What should you not sous vide?

Sous vide is a surprisingly versatile cooking method, it can deal with everything from eggs to briskets. However, there are some things to avoid with sous vide. One example is mechanically tenderized meat, the process of tenderizing the meat can push surface bacteria into the body of the meat. Bay leaves should also be avoided, although they pose no health risks, they do tend to give dishes a metallic taste.

How long is too long to sous vide?

One of the great benefits of sous vide is that the method makes it incredibly difficult to overcook dishes. But there are limitations on more delicate meats changing textures (too tough or even mushy) if cooked too long. If the recipe calls for 1-2 hours, try not to go 4 or more hours. While tougher cuts of meat like ribs can happily sit in a sous vide bath for 24hrs upwards. Follow the sous vide recipes and what they suggest. 

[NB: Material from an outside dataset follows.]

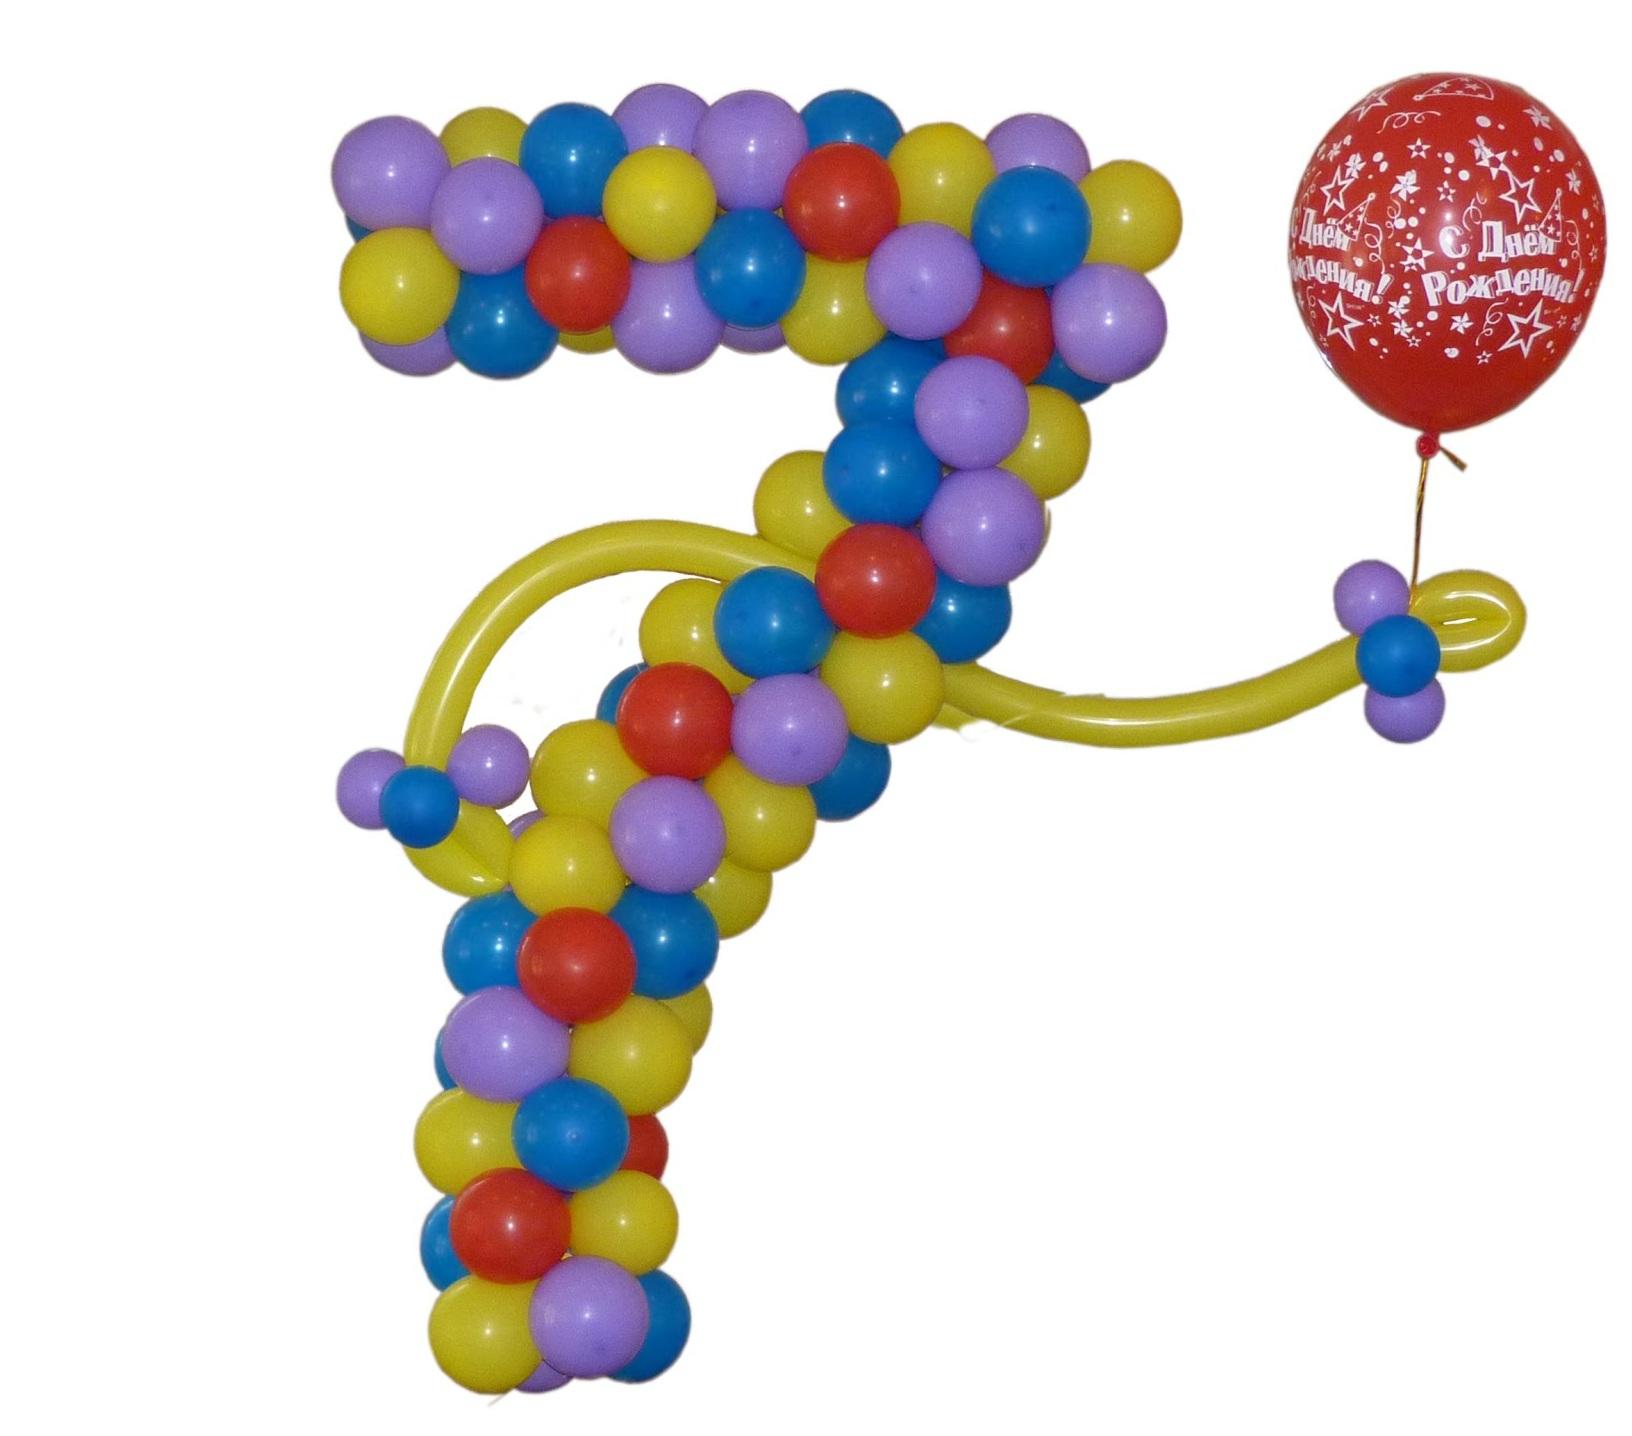 Днем, открытка с днем рождения из шаров
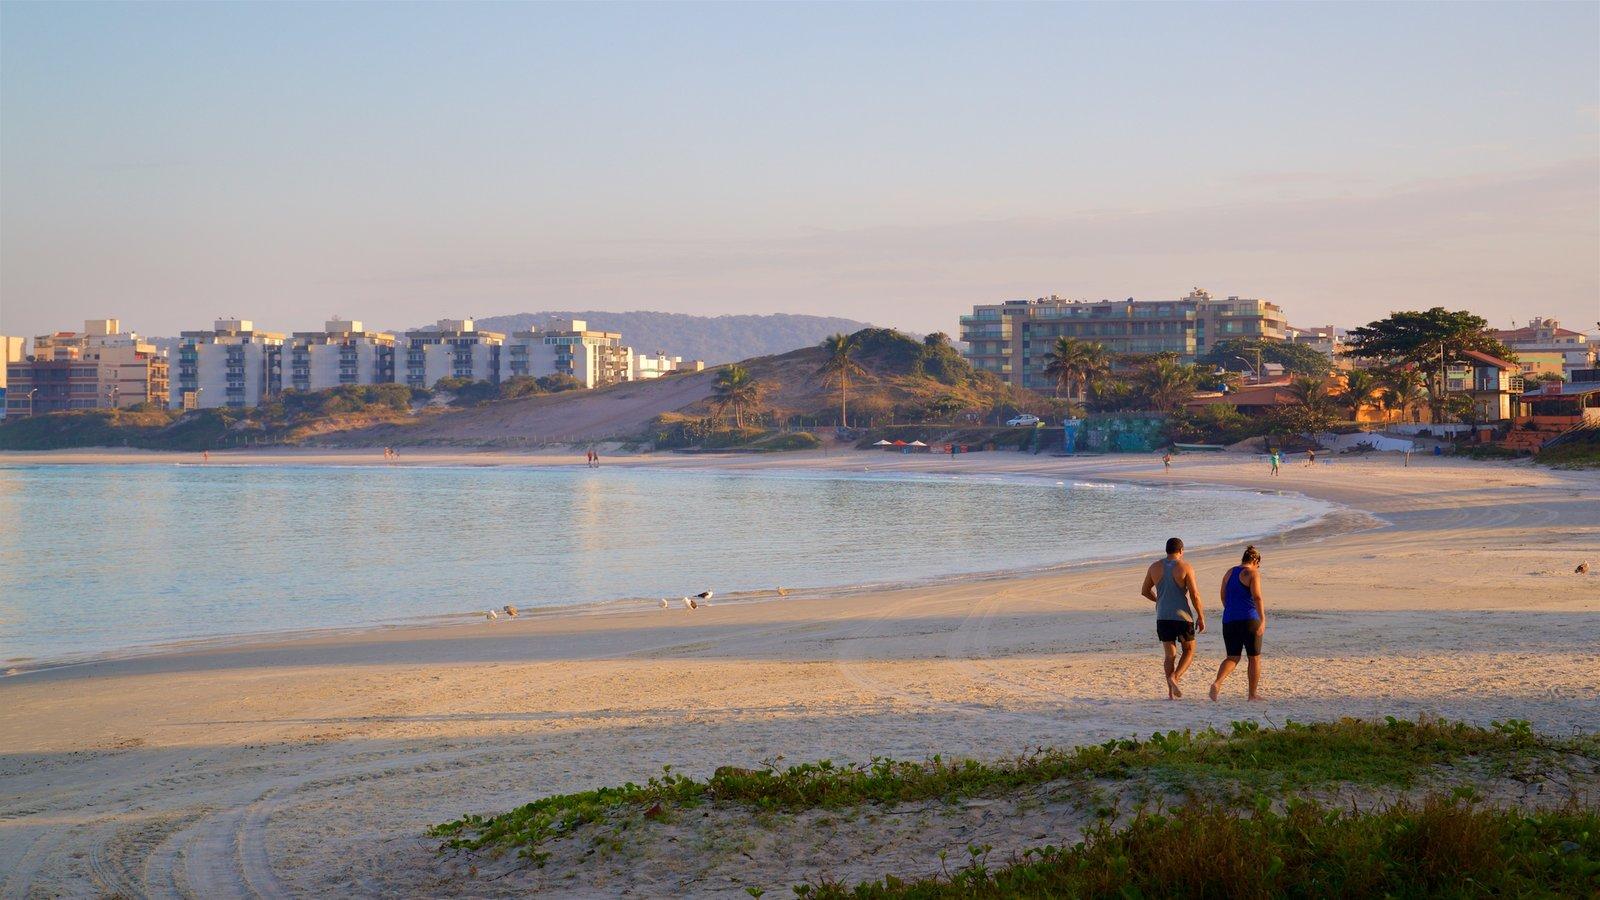 Praia do Forte caracterizando paisagens litorâneas, um pôr do sol e paisagem

Are there any BPA concerns with sous vide cooking?

If you are worried about BPA in sous vide cooking, the answer is simply to avoid sous vide bags that are manufactured using BPA. Luckily, most manufacturers of sous vide bags use BPA-free plastics. Check out the best sous vide bags article for more information.

Will cooking meat sous vide kill all harmful bacteria?

Yes, cooking sous vide can kill all harmful bacteria. However, it is important to stick to the time and temperature guidelines for what you are cooking. If you are cooking close to the temperature threshold that allows for bacteria to grow and prevent pasteurization, be sure to cook long enough that the food is safe.